----- Collected data -----

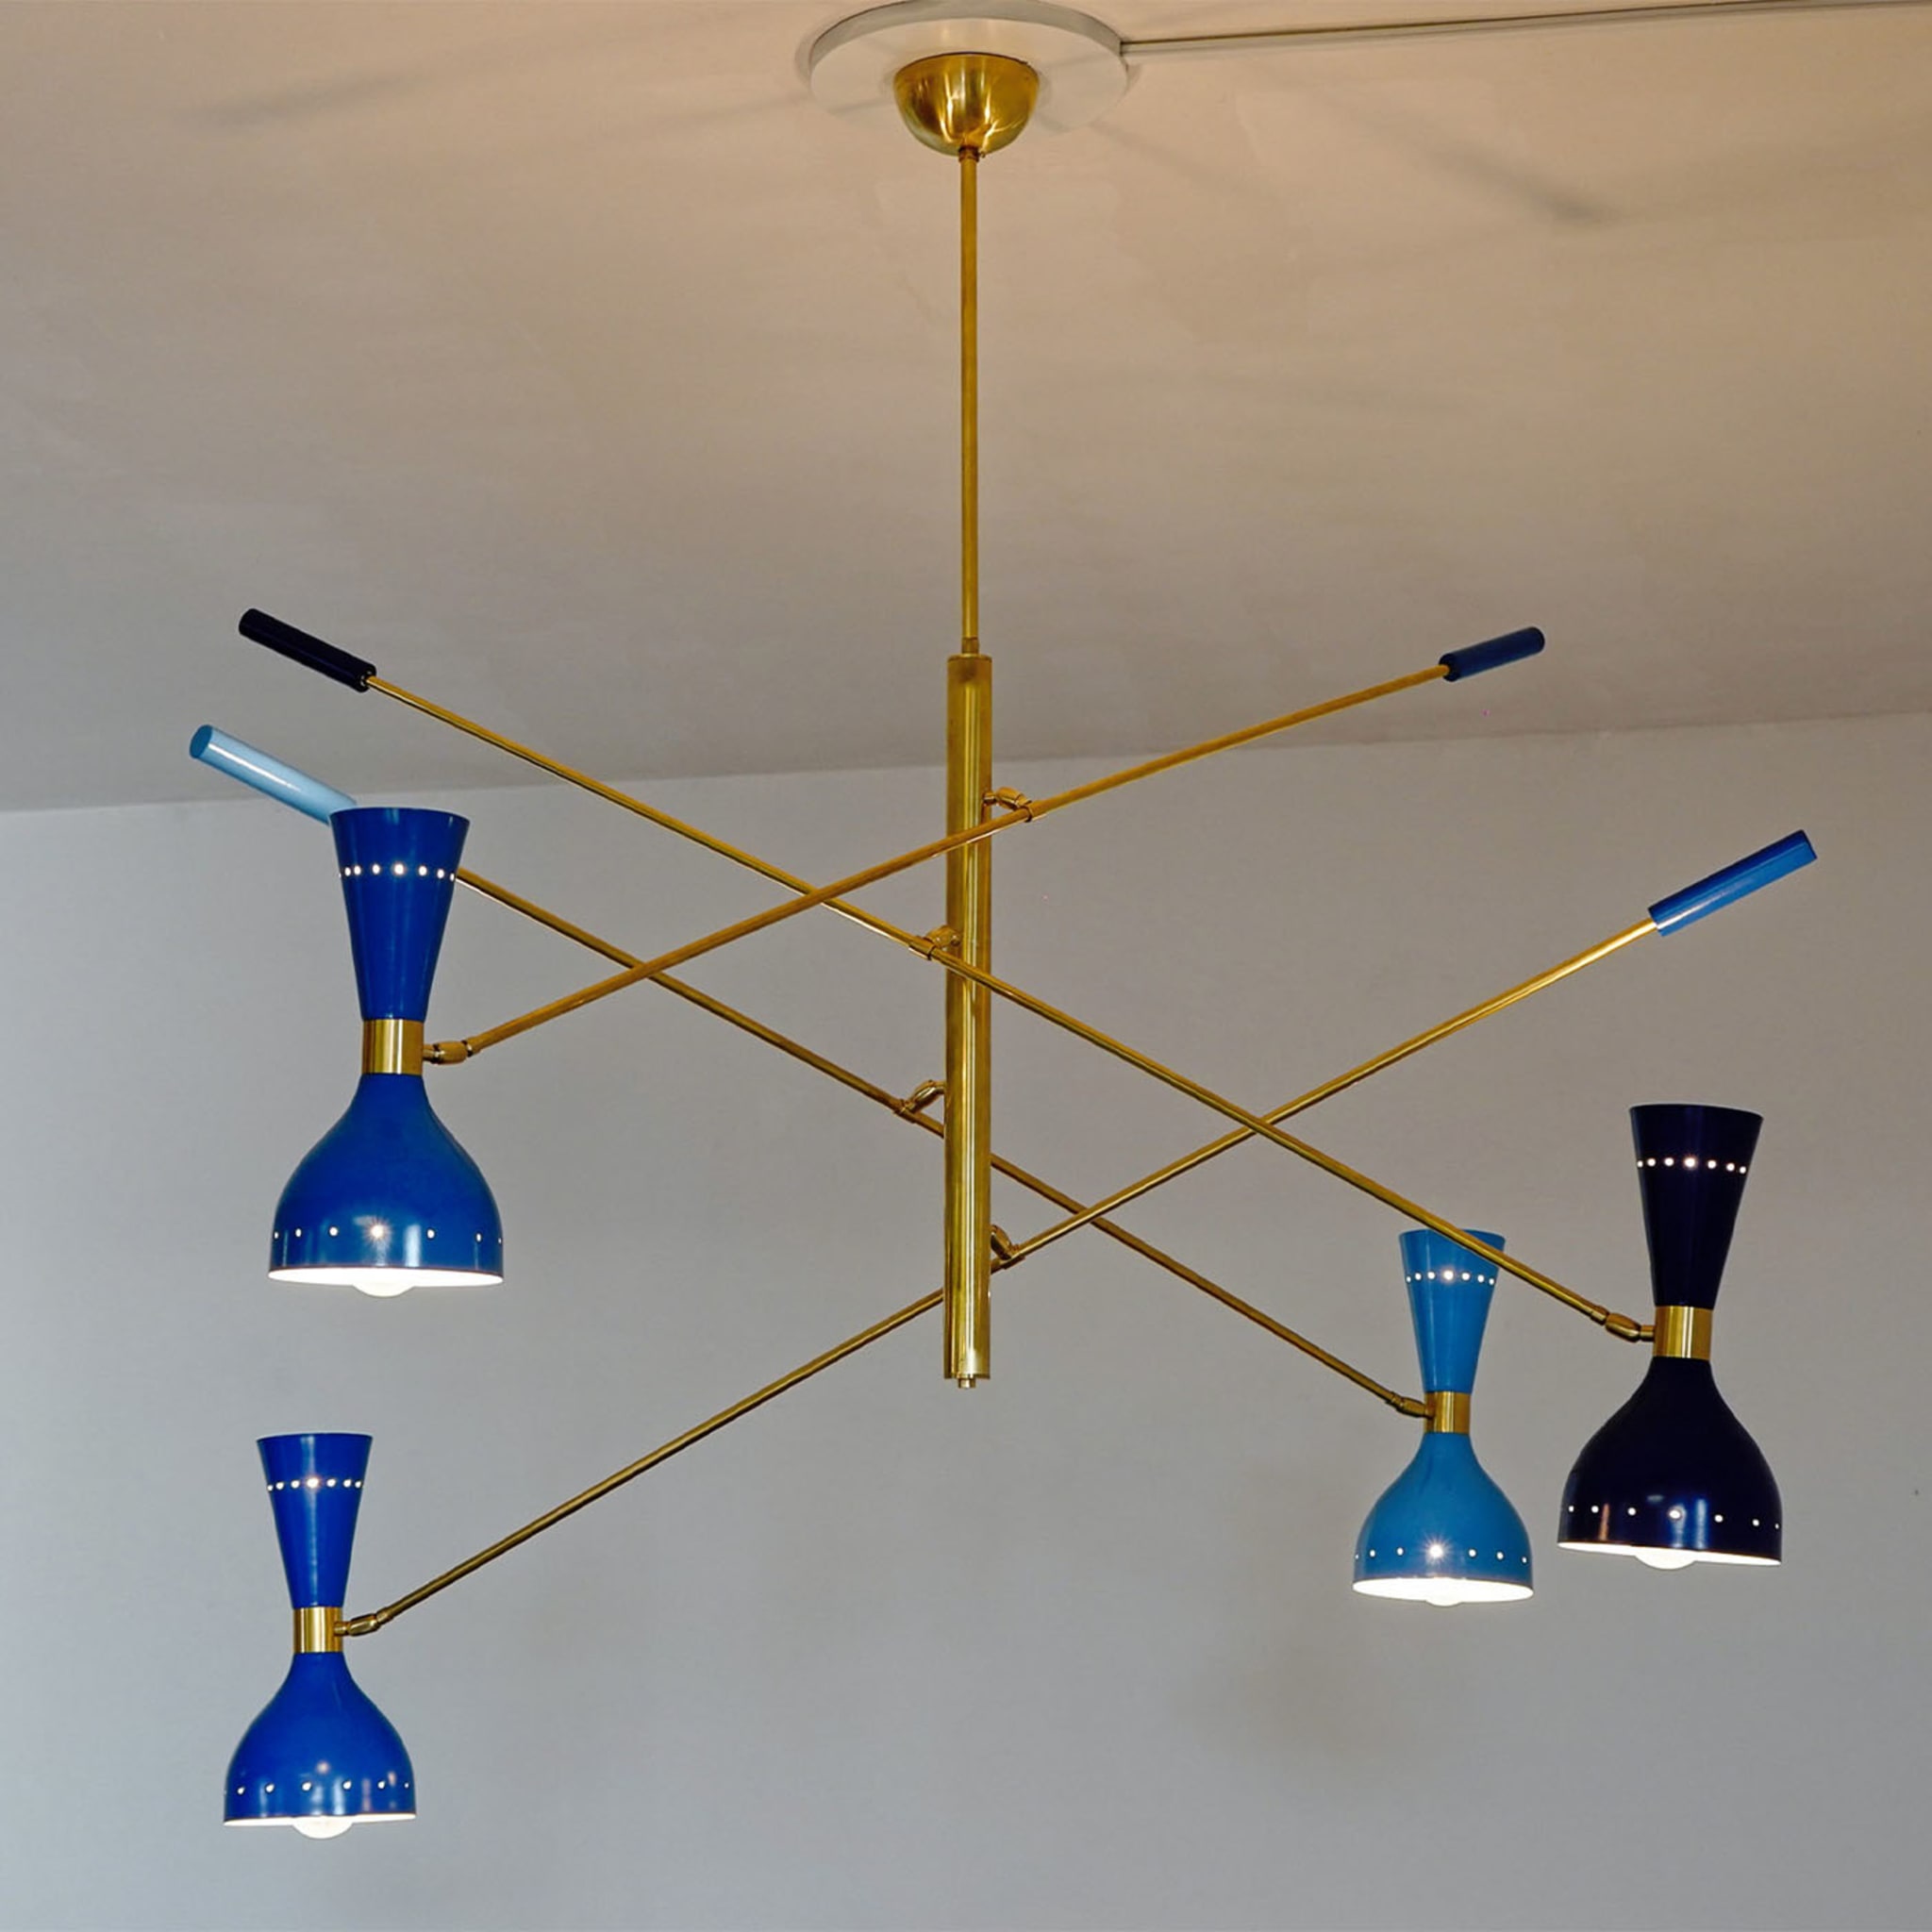 Contrappeso Chandelier, 4 hues of blue "Quadriennale" - Alternative view 1
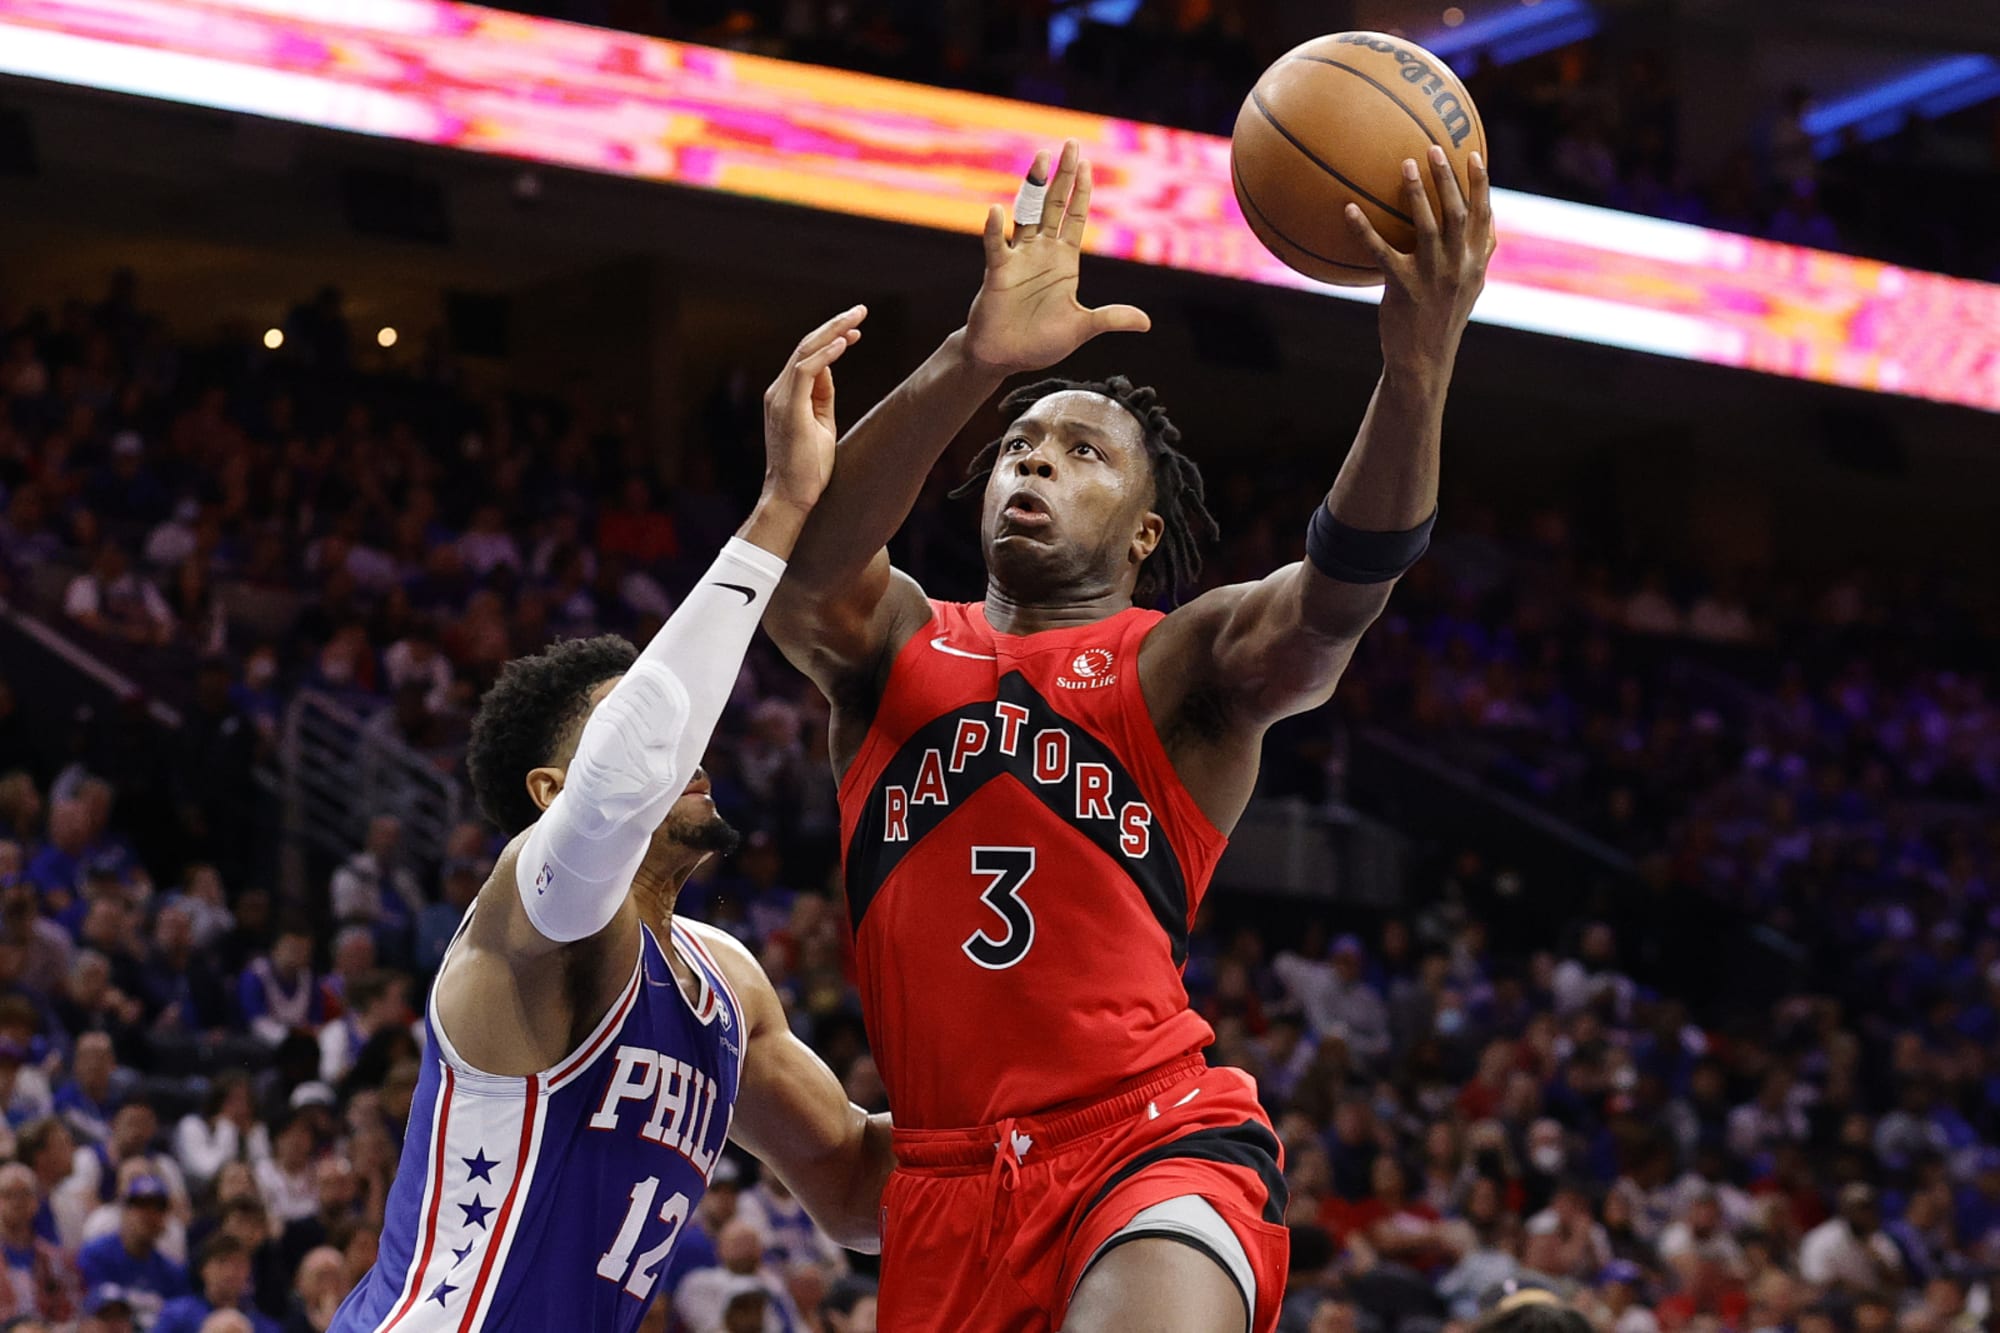 Raptors fans can rejoice as Blazers whiff on OG Anunoby trade
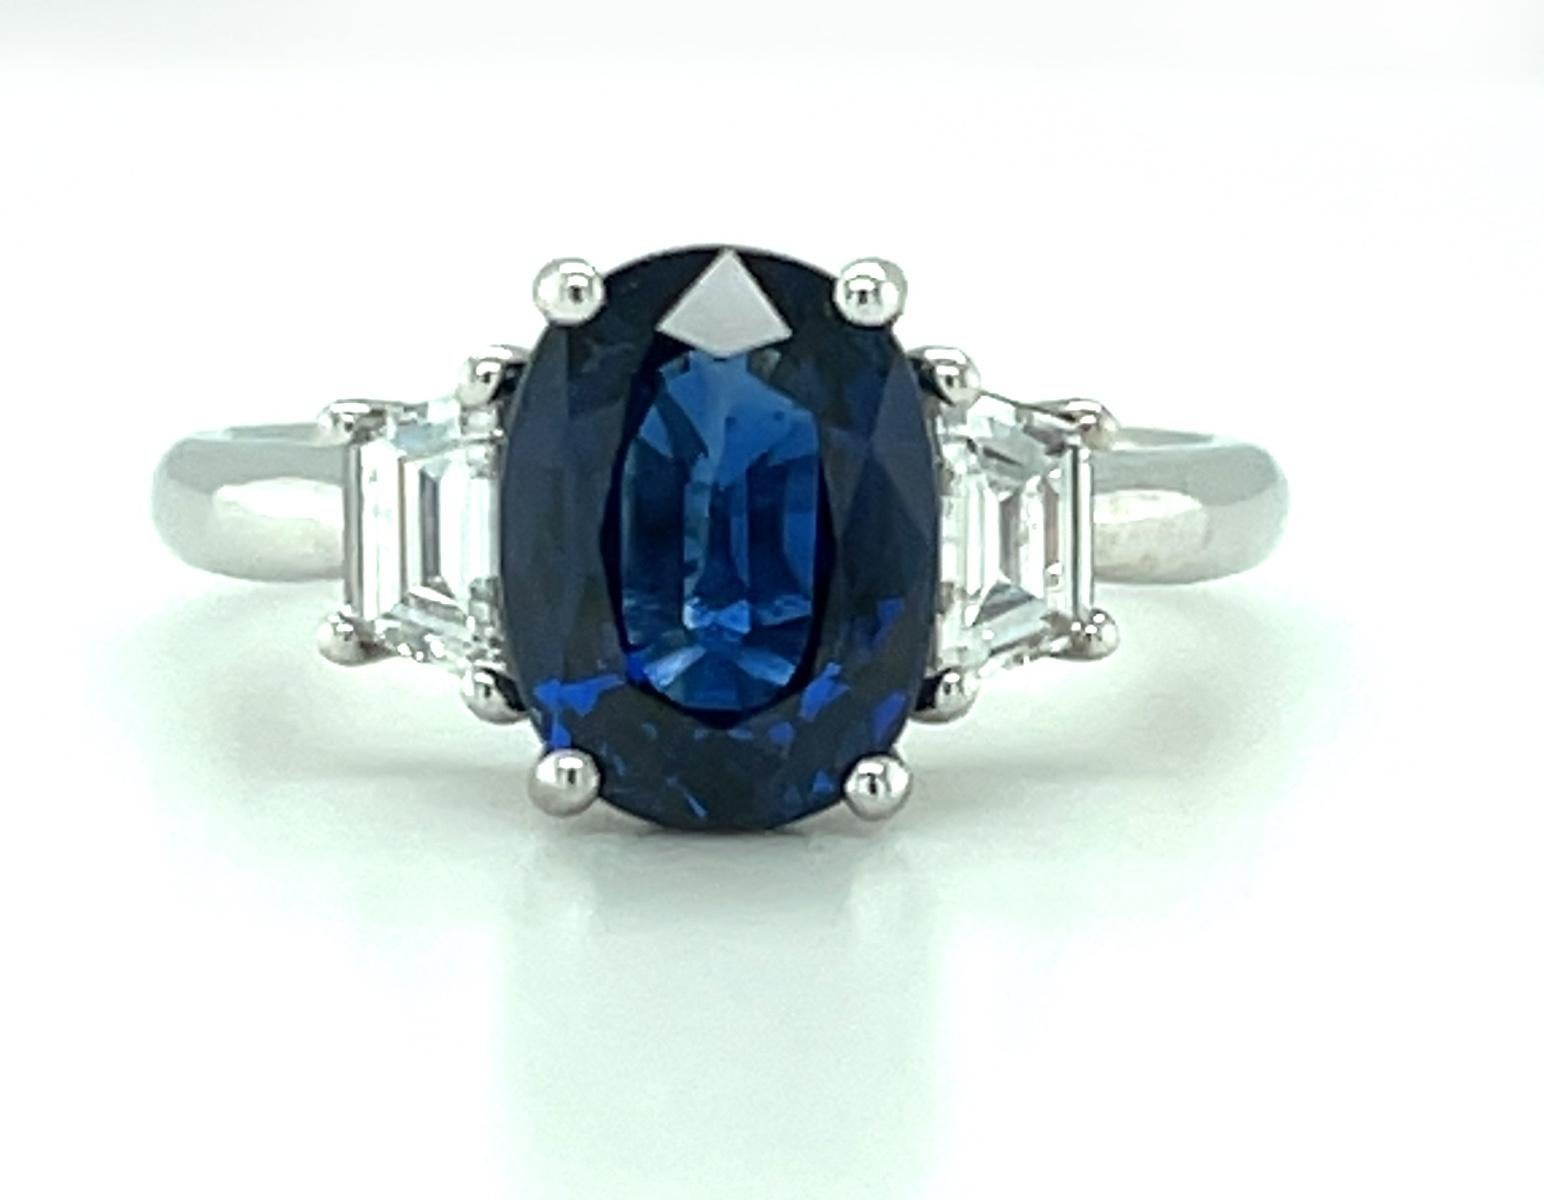 This classic three-stone engagement ring features a beautiful 2.18 carat blue sapphire set in platinum with an exquisite pair of fine diamonds. The sapphire has rich, blue color whose shape is accented beautifully by the trapezoid-shaped side

-----

Problem to work on:
Set the lines above down again, word for word, from the first through the one containing "Raptors fans can"; pictures excluded.

Output for this task:
 Contrappeso Chandelier, 4 hues of blue "Quadriennale" - Alternative view 1
 Raptors fans can rejoice as Blazers whiff on OG Anunoby trade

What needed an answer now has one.